It takes at least two to make a team, and when you have a good team, you can achieve great things. To see a great team like this in action, all you need to do is travel to Central Finland.
As a young girl, Anna Paananen had several career aspirations, ranging from nature guide to veterinary surgeon. When it was time to decide what career path to follow, Anna set off to Kuopio to study timber engineering.
– I suppose my decision was partly driven by laziness, since the distance to the school was quite short, Anna laughs. – However, I’ve never regretted my decision. I leave for work with a smile on my face every morning.
Working as the Logistics Manager of Iisveden Metsä, Anna genuinely enjoys her job. The workplace is male-dominated, but that does not affect Anna’s day-to-day routines:
– We work together as a team.
Anna works closely with Jussi Rossi, the sawmill’s Production Manager, who worked in a number of roles in the sawmill before starting in his current position.
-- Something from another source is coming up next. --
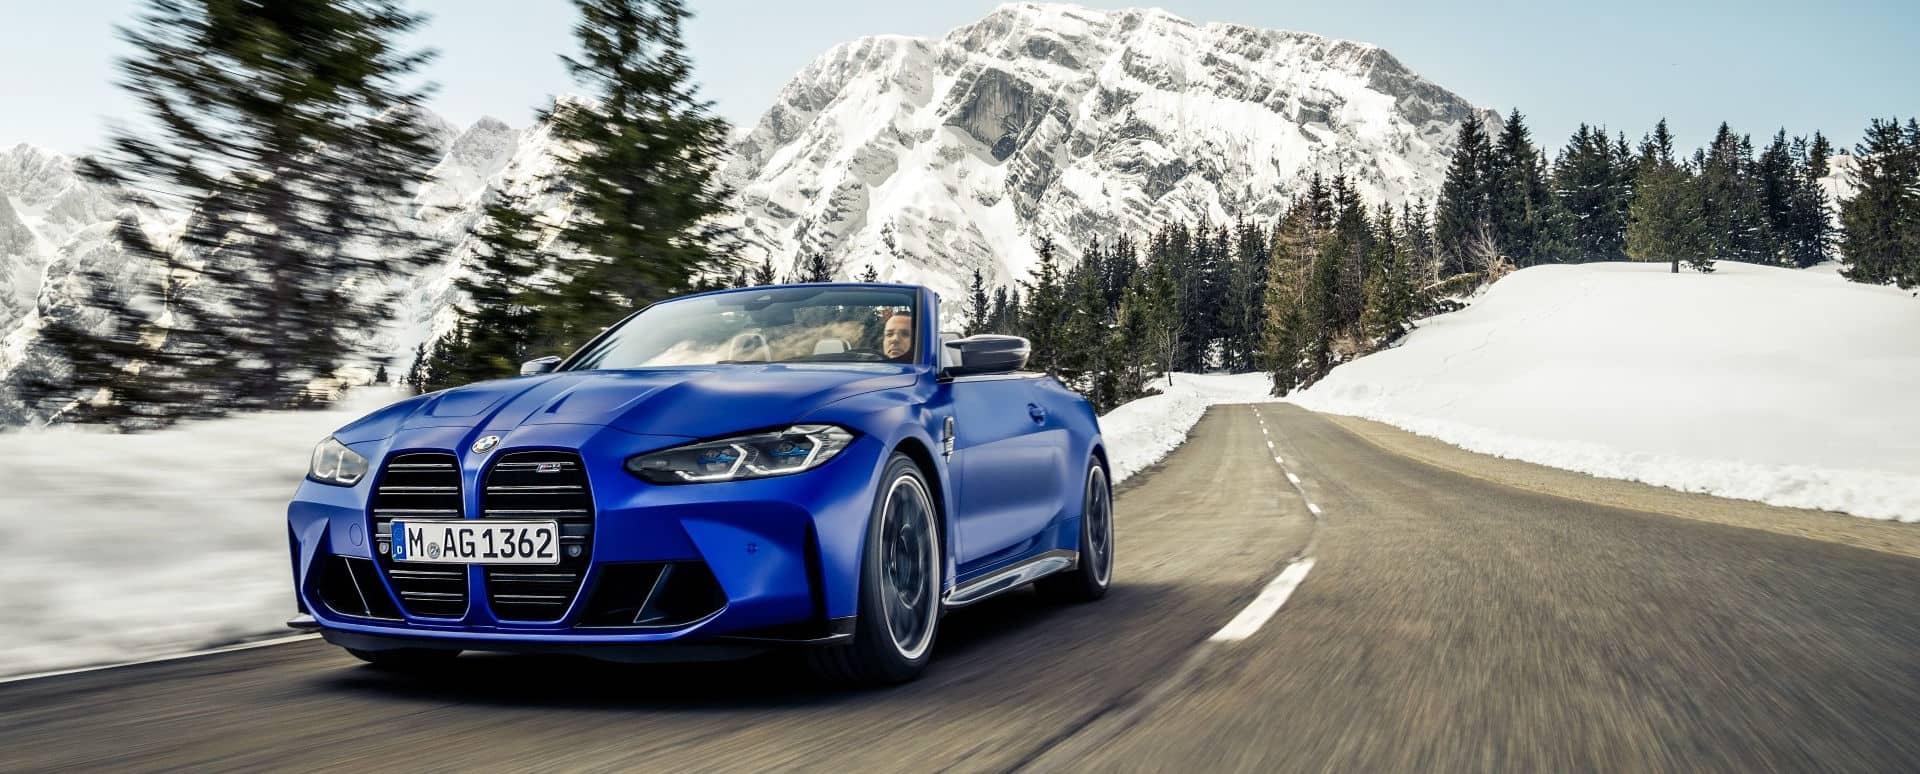 Blue BMW M4 Convertible

Jussi started as a Fire Watcher working in the summers and after obtaining his forestry engineer diploma in 2009, he worked in every role in the production line before becoming a foreman, overseeing development projects and finally starting in his current role, liaising between the production and sales teams.
– I would describe my role as a combination of the duties of a director of production, production manager and production planner. We are a small company, so what you do is more important than your actual title. What matters the most is doing your job properly, Jussi explains.
Jussi had a clear idea of his future career when he was fairly young, but spending a gap year in the peacekeeping forces after graduating solidified his plans. When the family farm needed to be taken over by the next generation, Jussi decided to leave the public safety industry behind and settle down in the area he grew up in.
– I now have a good and safe job only 10 kilometres away from home – what more could I ask for? Jussi says.
Putting the pieces together
Working in a sawmill is never stagnant; if one component changes, it may cause a domino effect across the entire production chain. To keep the pieces of the puzzle together, sawmill workers must have great troubleshooting skills and the ability to stand behind the decisions they’ve made.
– Jussi doesn’t waste time ruminating over small details. Instead, he finds solutions to problems quickly even when he’s under pressure. As for me, I’d say my strength is that I rarely lose my cool. It’s a useful trait when you need to supply the same materials to three different places at the same time, says Anna.
– Anna is meticulous even when she’s busy and she can maintain the same quality every day. I always endeavour to prepare well-written instructions to keep things running smoothly. If something is then changed in production planning, the entire production process may need to be restructured.
On the other hand, the small sawmill is able react to changes quickly with the goal of delivering an end result that satisfies every party, Jussi adds.
– It’s rewarding to see the results of your work after solving a problem, Anna says.
– Whether it’s satisfied customers or breaking a previous production record, it’s always rewarding when you succeed in something, Jussi agrees.
Freedom and responsibility
Both Anna and Jussi value their freedom to schedule their weeks in a way they see best.
– Our supervisor has succeeded in creating an atmosphere where no one breathes down your neck and everyone can work in a manner that best suits them to achieve our joint goals. We are not forced to fit the same mould, and help is always available if we need it, Jussi says.
Freedom goes hand in hand with responsibility. In challenging situations, it is important that everyone can work together smoothly.
– Even though Jussi and I have our own duties and a clear division of responsibilities, we work as a team and can always bounce ideas off each other, Anna explains.
A clear division of responsibilities means that everyone knows what they need to do during hectic times. However, the roles also entail a lot of details not specified in the job description, such as matters that might be plainly obvious to some, but not to others.
– These things are not in books, so you just have to know them. This is where experience comes in, as it makes it easier to make decisions, Jussi explains.
On days when everything seems to be going wrong, it’s important to be able to rely on your routines and co-workers.
– It’s great sitting next to a co-worker you know and whose support you can rely on in a tricky situation. At the end of the day, it’s definitely an important asset.